### Information supplied
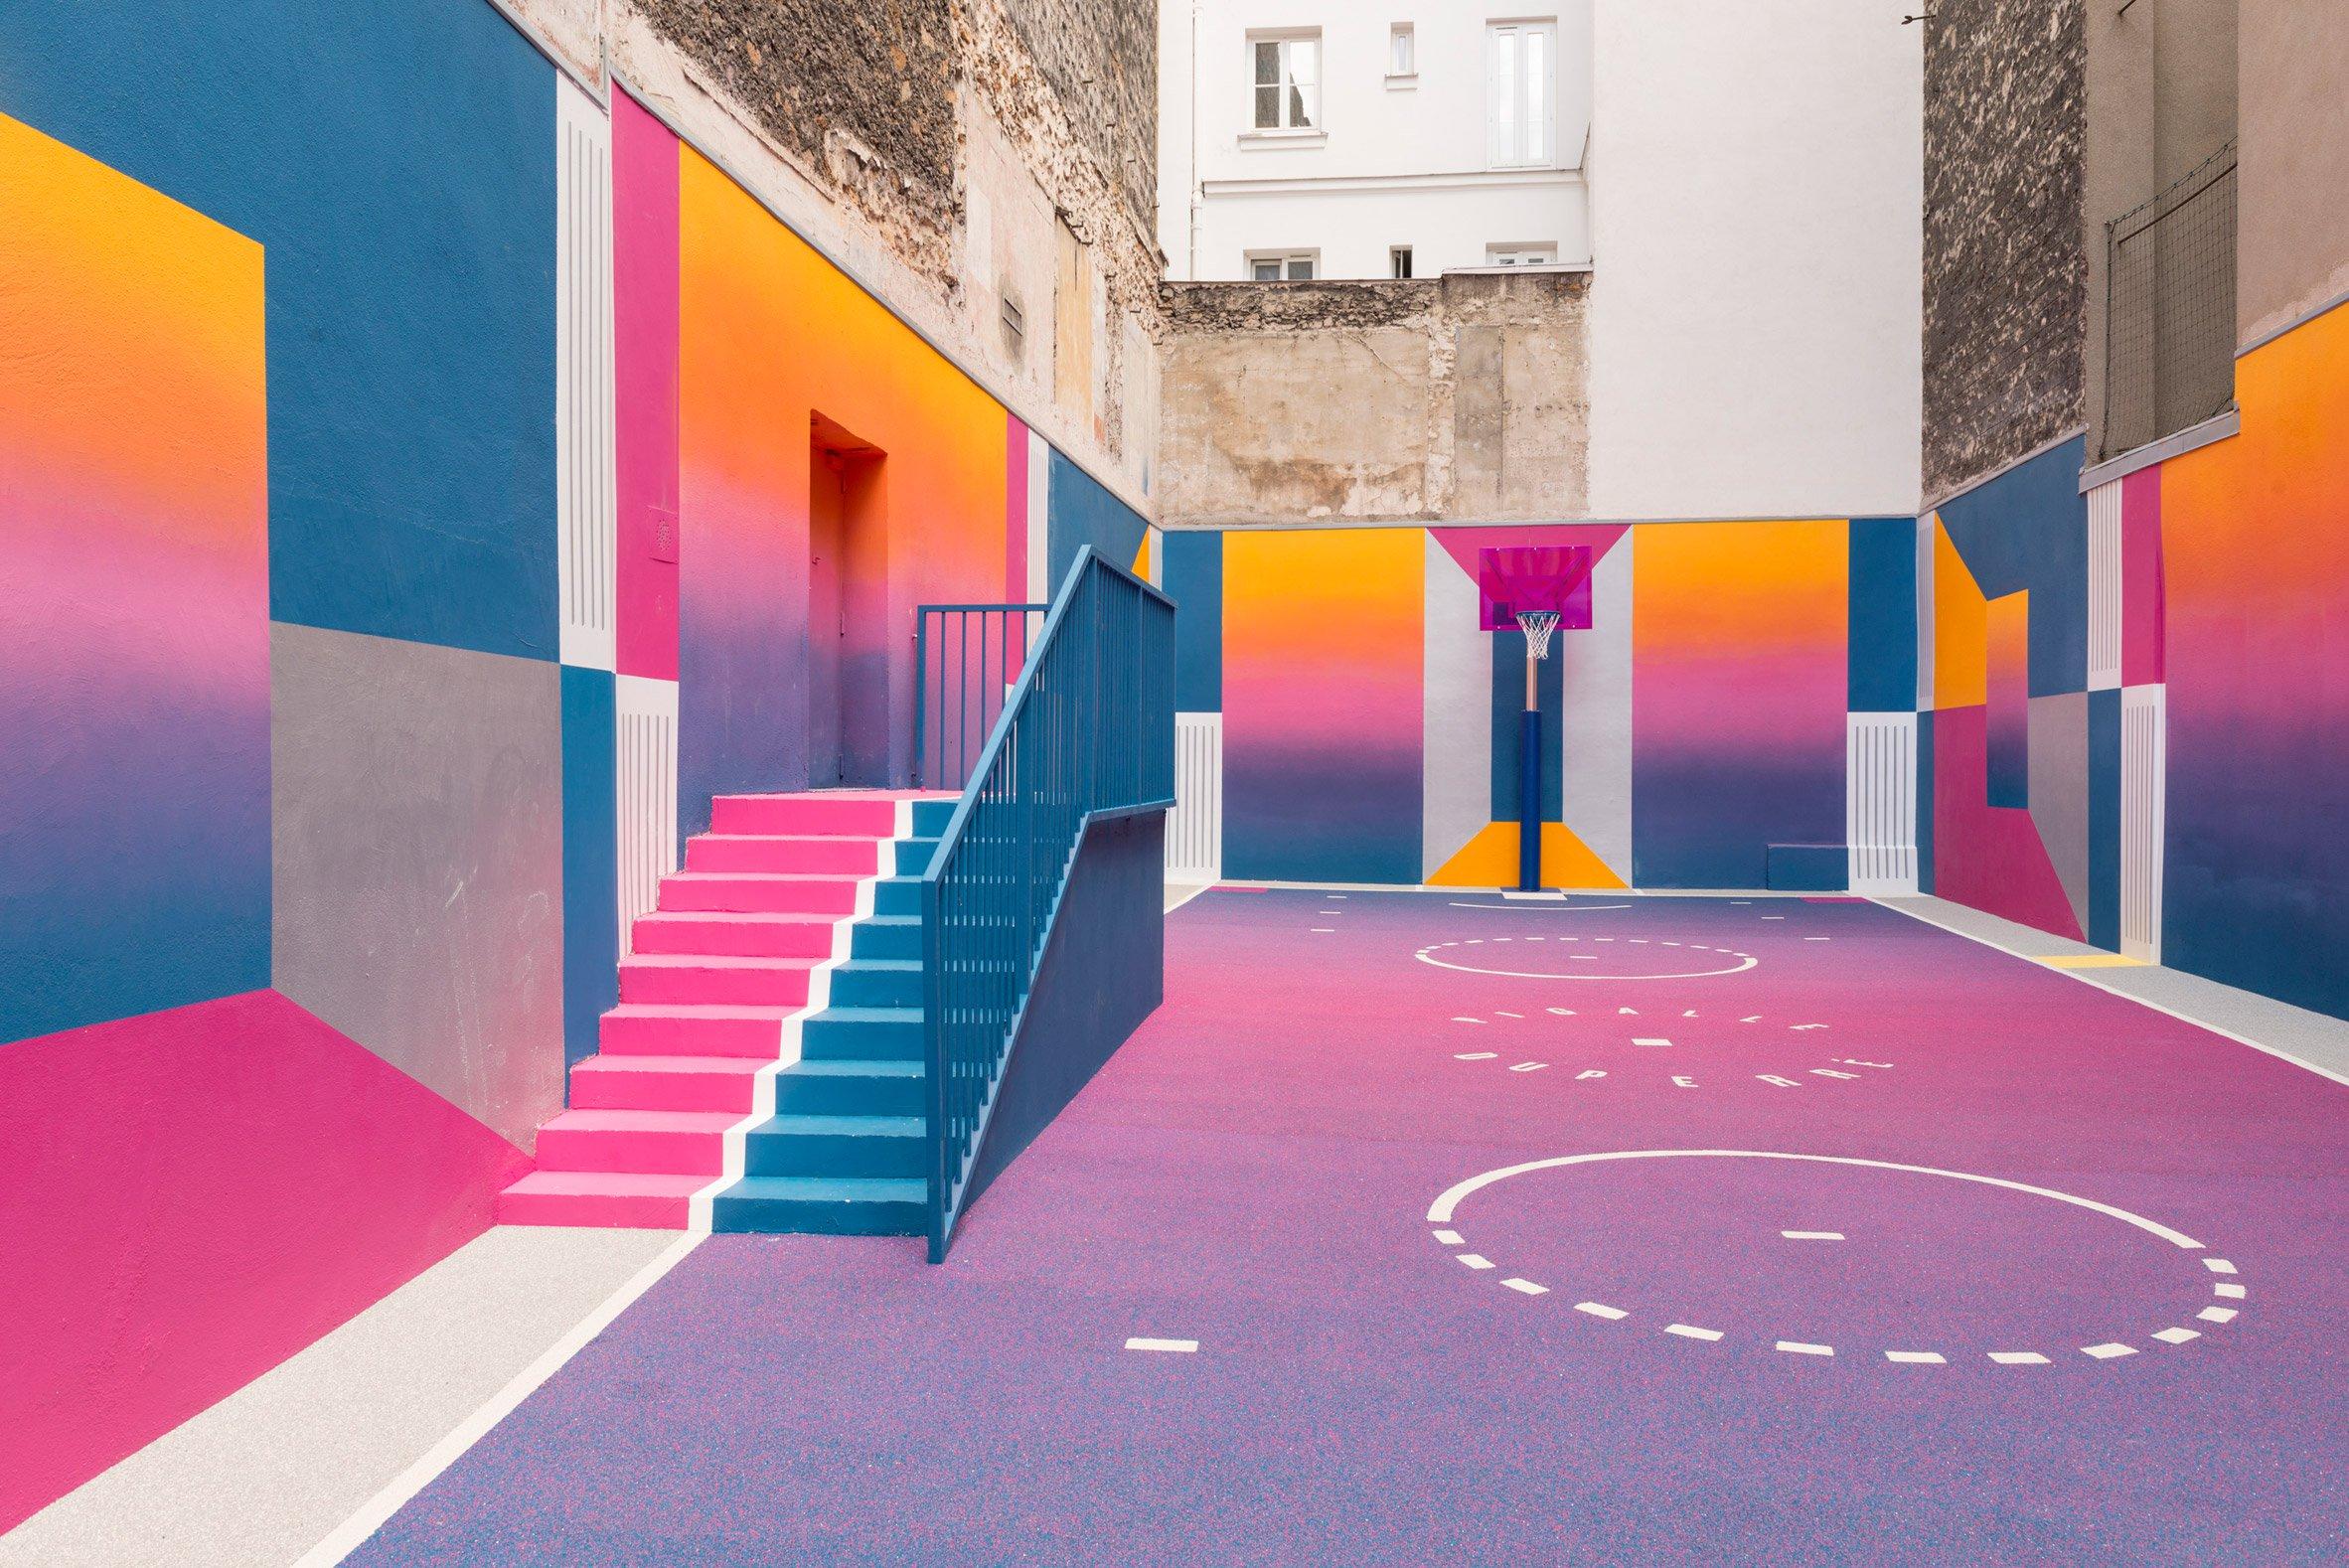 basket-court-pigalle-studio-architecture-public-leisure-paris-france-_dezeen_2364_col_5.jpg
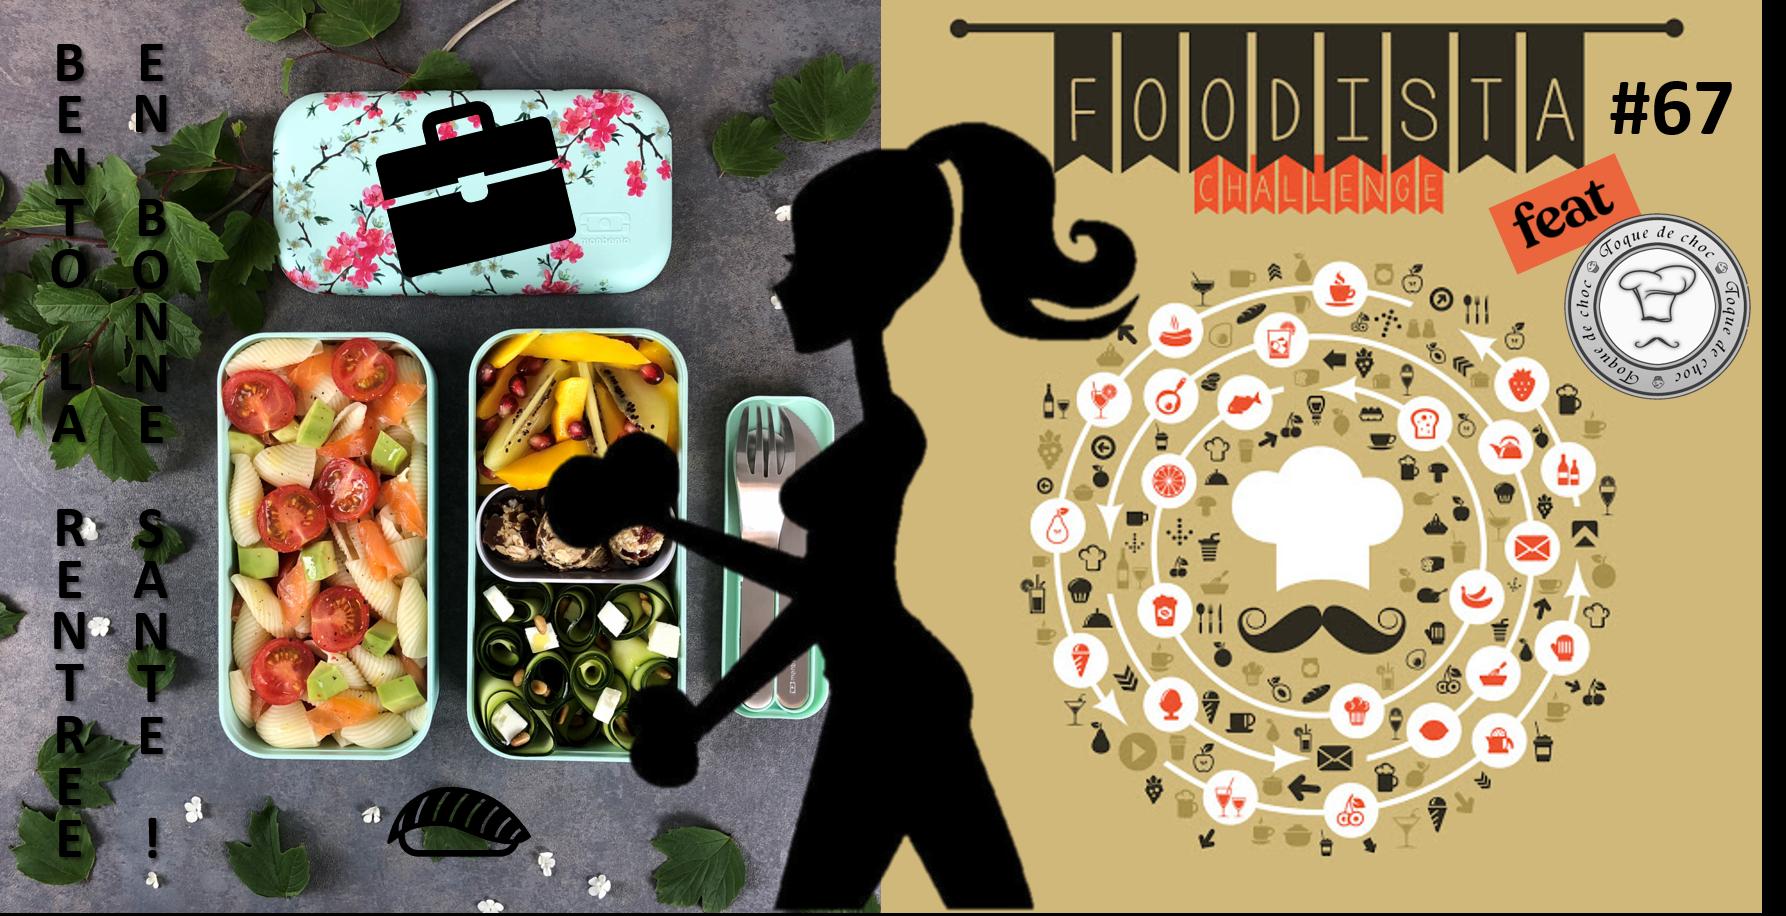 Foodista Challenge #67 : Bento la rentrée en bonne santé !
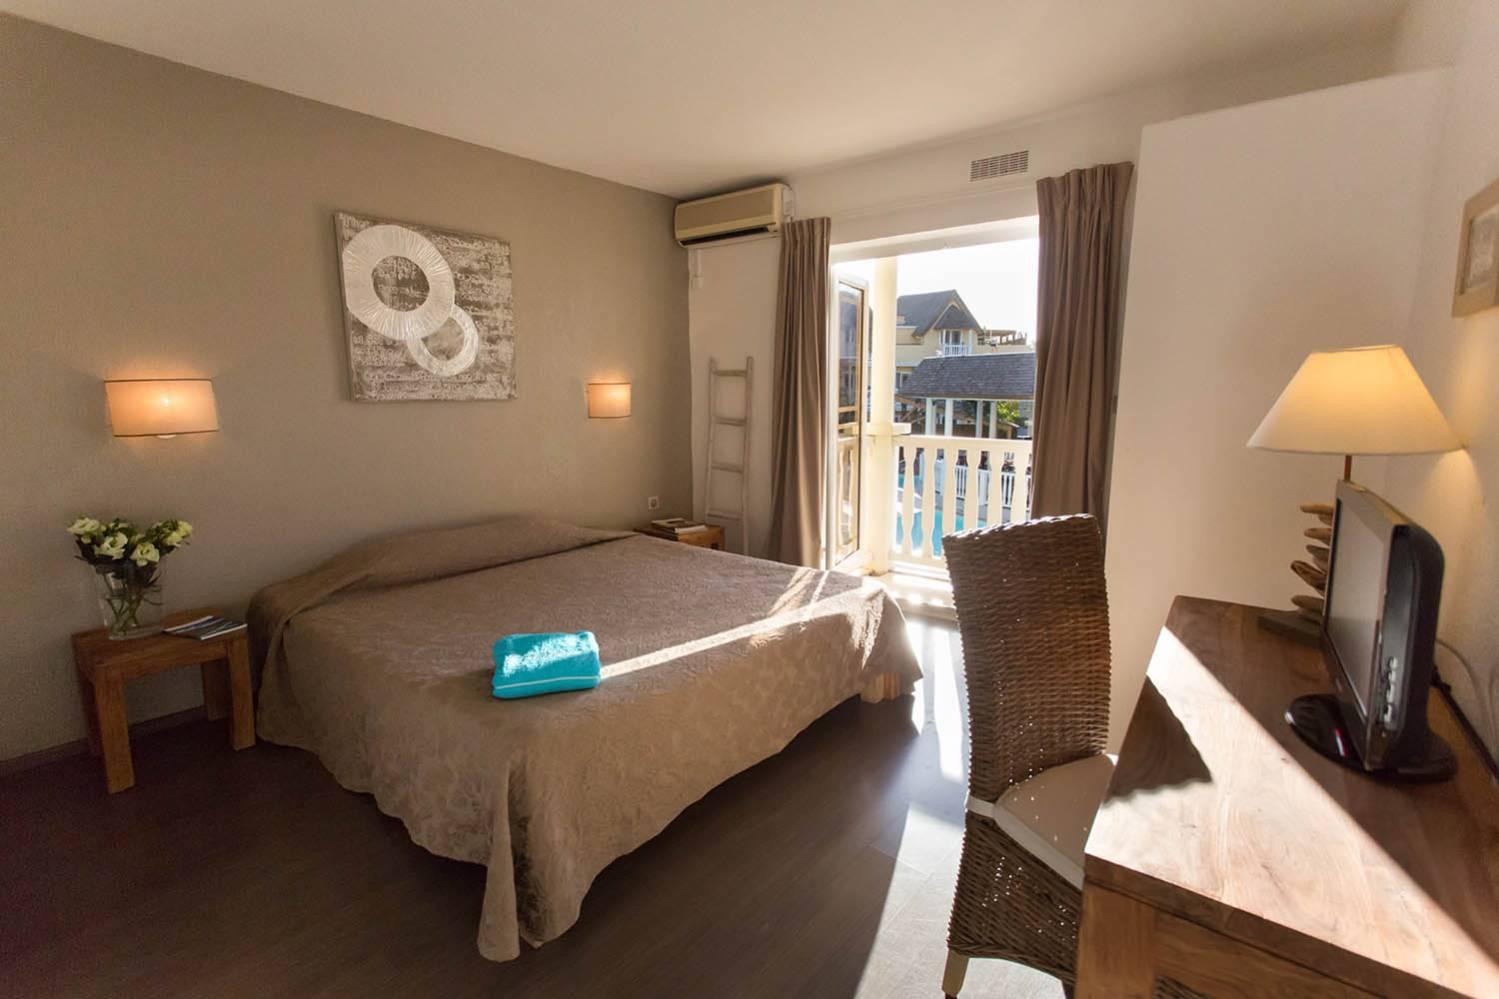 chambre d'hôtel à l'Ile de La Réunion

### Work to complete
Retype all of the listing word for word and skip the pictures.

### Answer area
 basket-court-pigalle-studio-architecture-public-leisure-paris-france-_dezeen_2364_col_5.jpg
 Foodista Challenge #67 : Bento la rentrée en bonne santé !
 chambre d'hôtel à l'Ile de La Réunion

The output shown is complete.